A materialized window has a primary index that is created and managed automatically by StreamBase. You can optionally list one or more secondary indices in the Secondary Indices tab, specifying key fields to use when looking up values. Note that if you have partitioned the materialized window, indexing occurs within each partition.

Secondary fields can speed up performance during queries. For example, if you have defined a partition, you can also create a secondary index based on the partition field. Then, later when you configure a Query operator, you can set your query to read the secondary index instead of all the rows.

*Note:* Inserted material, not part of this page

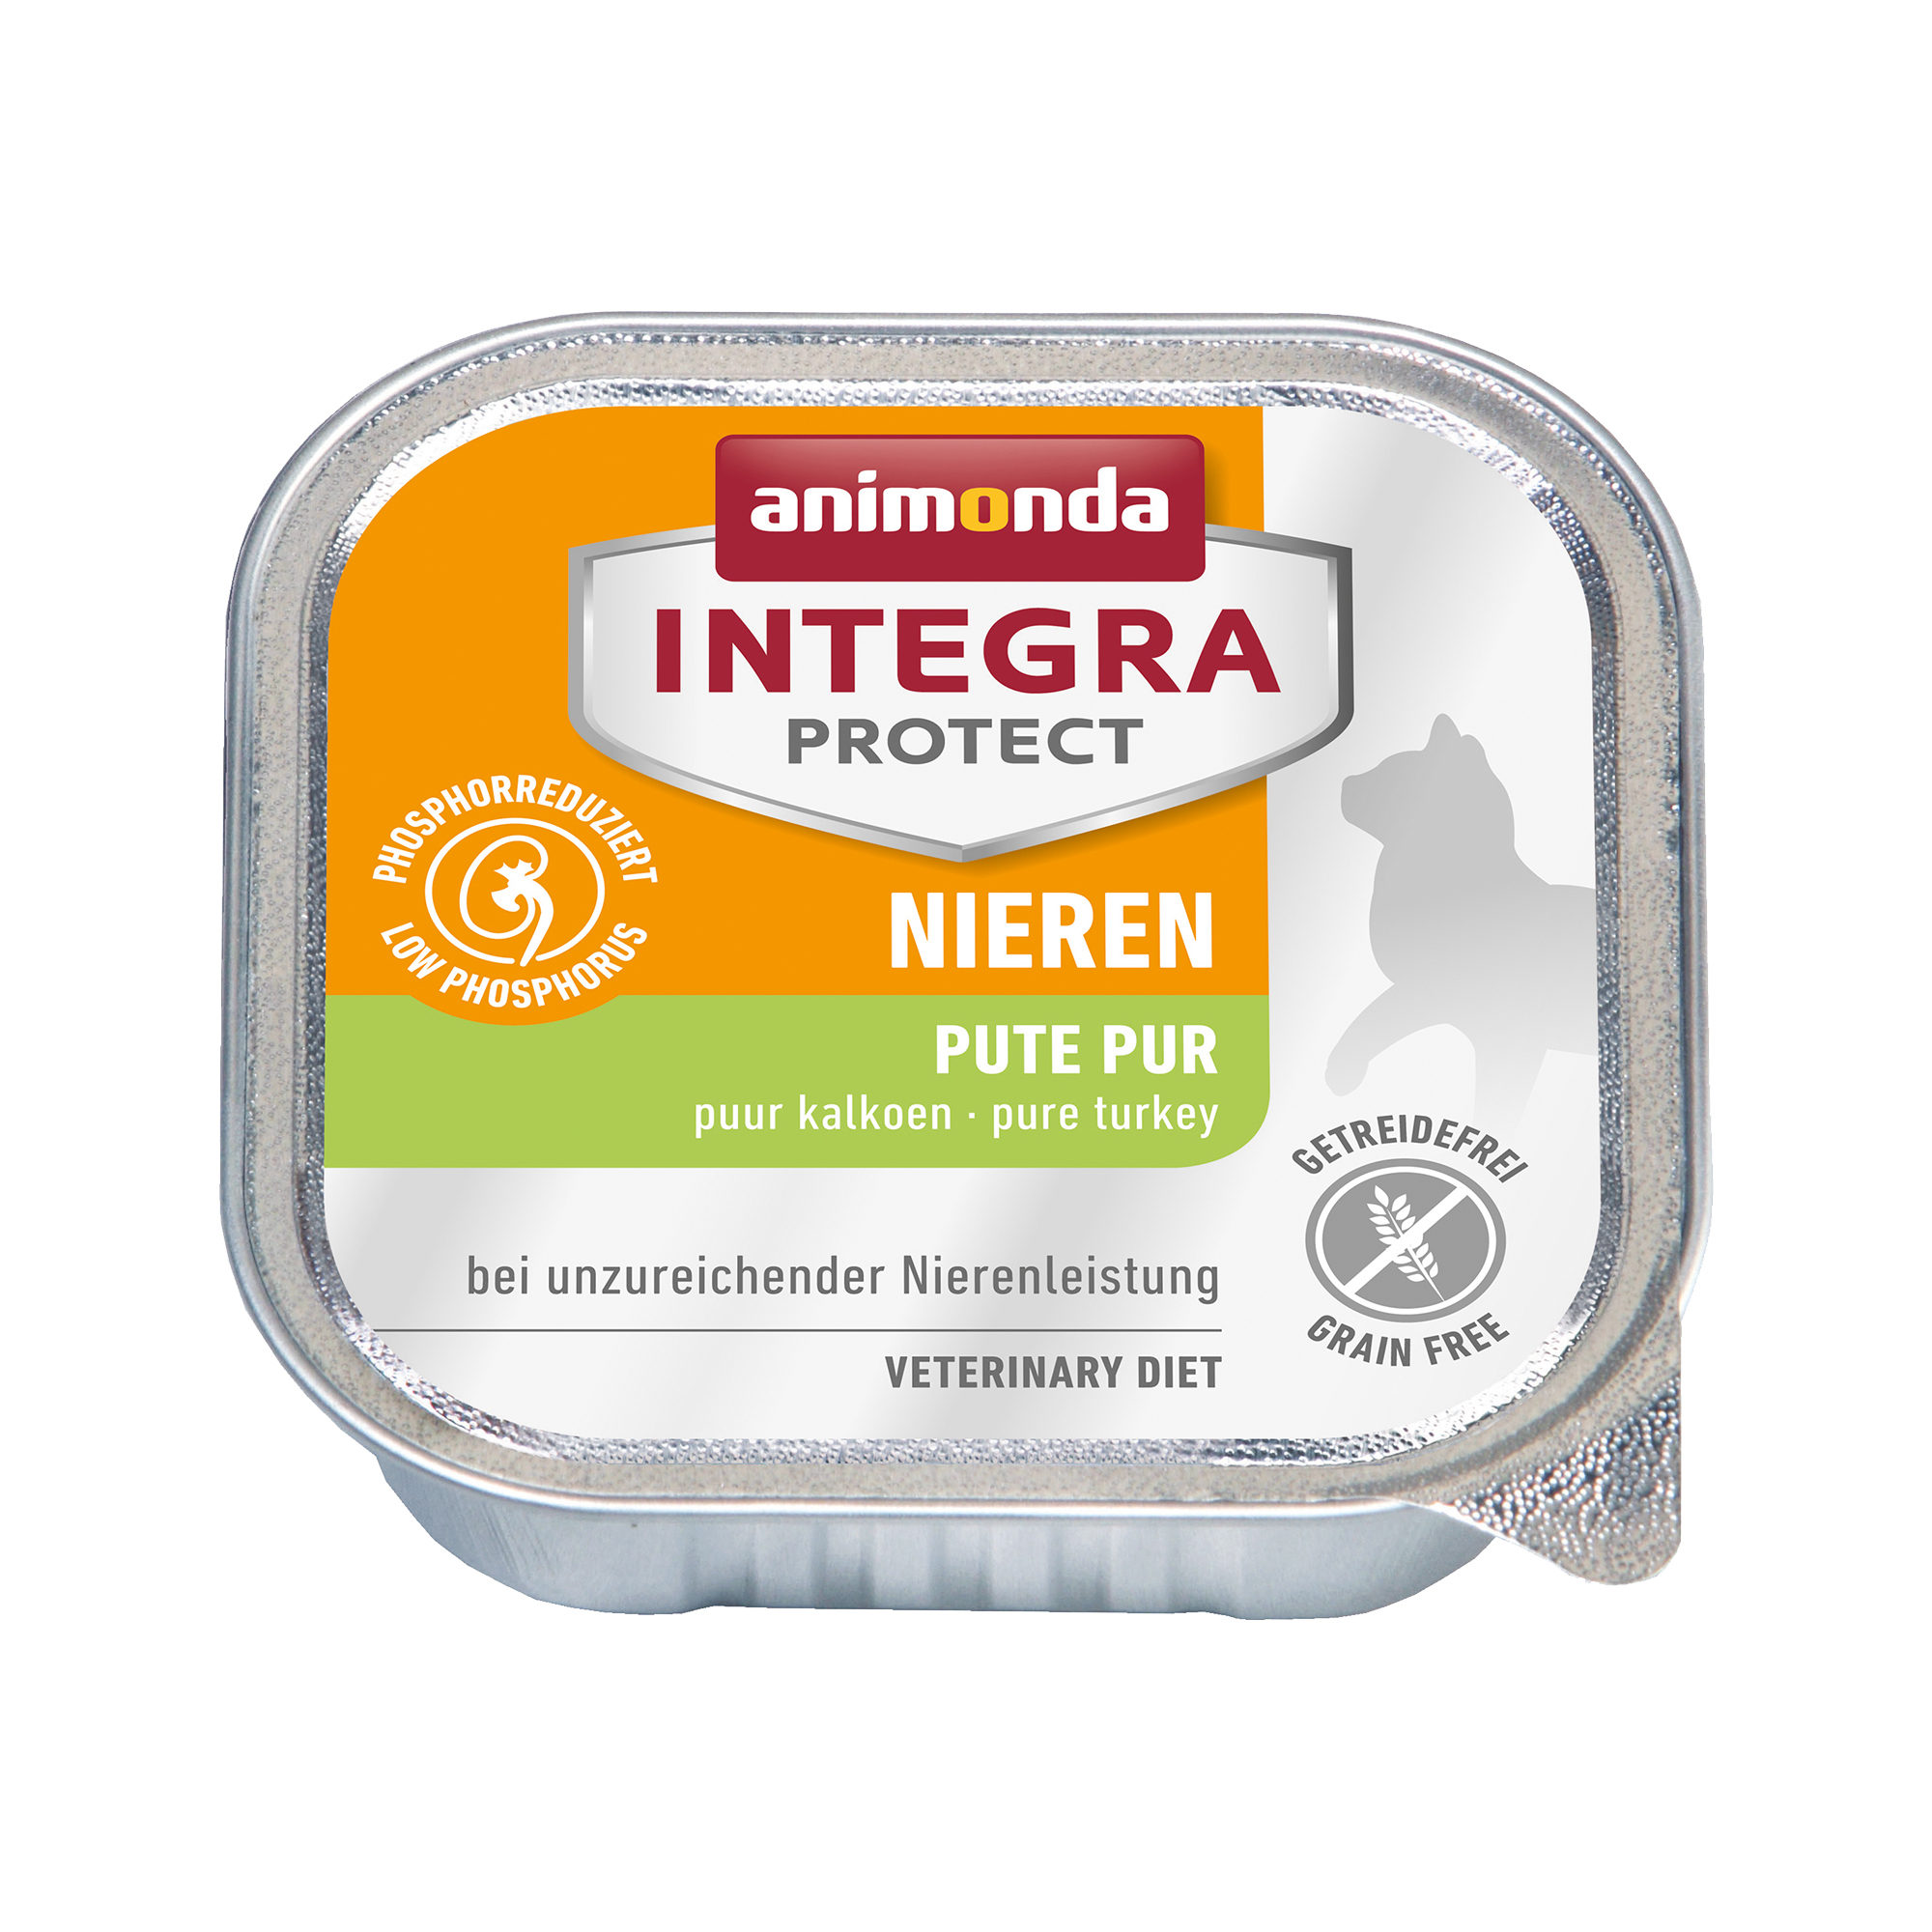 Animonda Integra Protect Nieren Katzenfutter - Schälchen - Pute - 16 x 100 g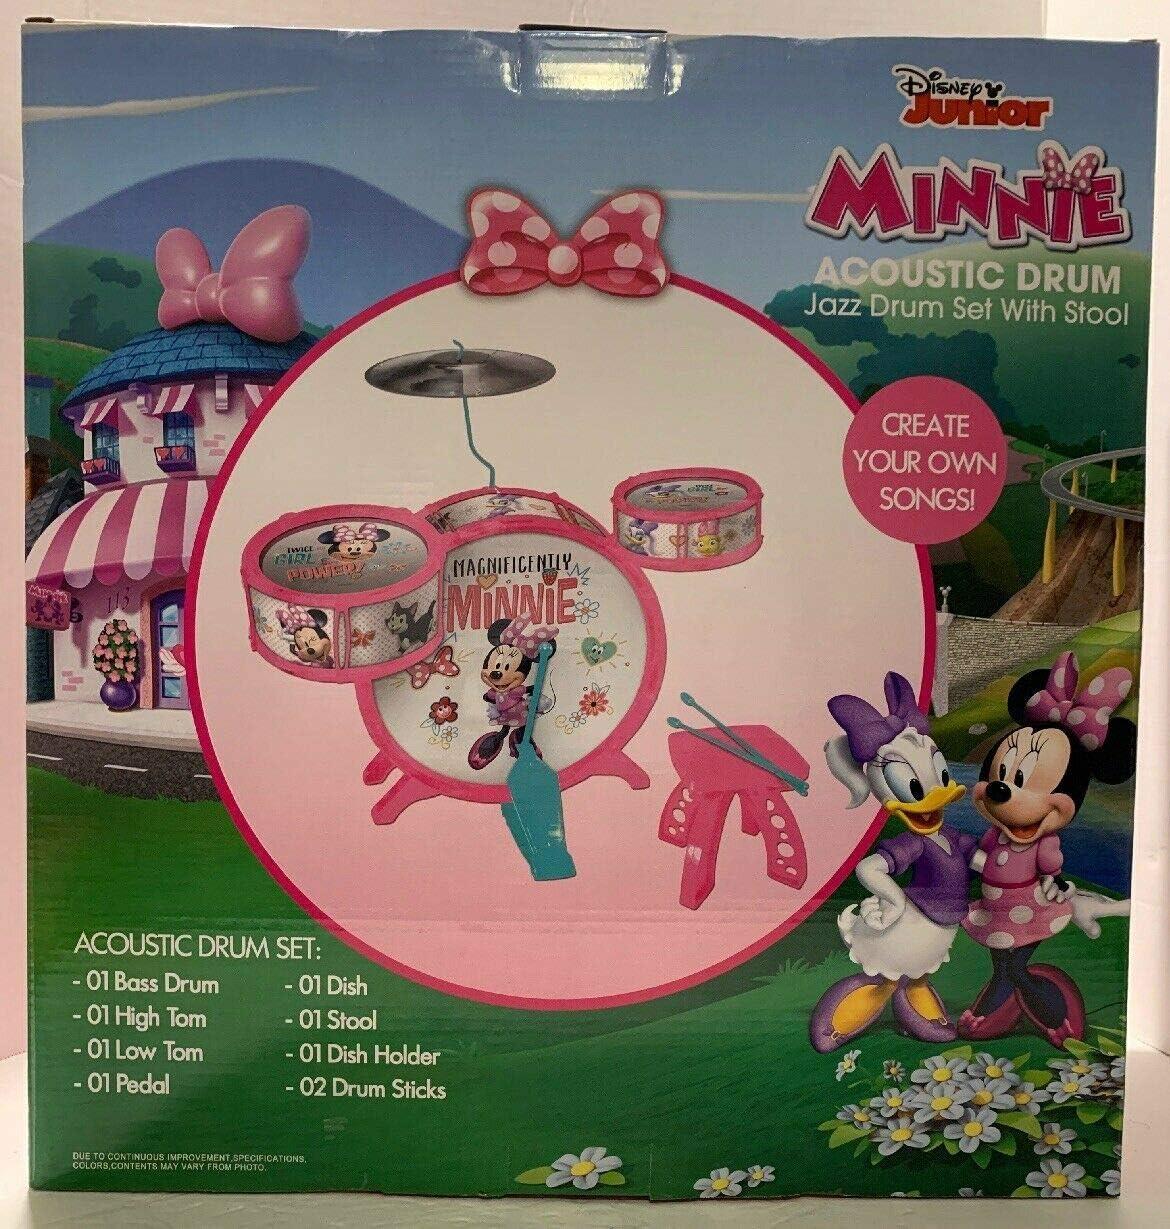 Disney Junior Minnie Mouse Jazz Drum Set with Stool

To define a secondary index:

  1. Click Add to display the Edit Secondary Index dialog.

  2. In the Available Fields list, double-click each field that you want to add to the index.

  3. Click the Add to Index List button.

  4. In the Available Fields list, double-click each field that you want to add to the index. (Alternatively, use the arrow buttons.)

    You can also choose how keys are indexed for table read operations by using the Index Type control:

    Unordered, no ranges (hash)

    Keys are unsorted, and they are evenly distributed (hashed) across the index. A hash index is used for accessing keys based on equality, and are generally best for doing simple lookups.

    Ordered, with ranges (btree)

    Keys are sorted. A btree index is used when output ordering and range queries are desired. Note that the sort depends on the order of the fields in the index keys.

    The relative performance of hash and btree methods depends on many factors, including the distribution of keys in your dataset: we recommend trying both methods if you are in doubt which to use. Also consider that StreamBase Studio allows you to specify a key range and sort order using btrees, but not using hash access.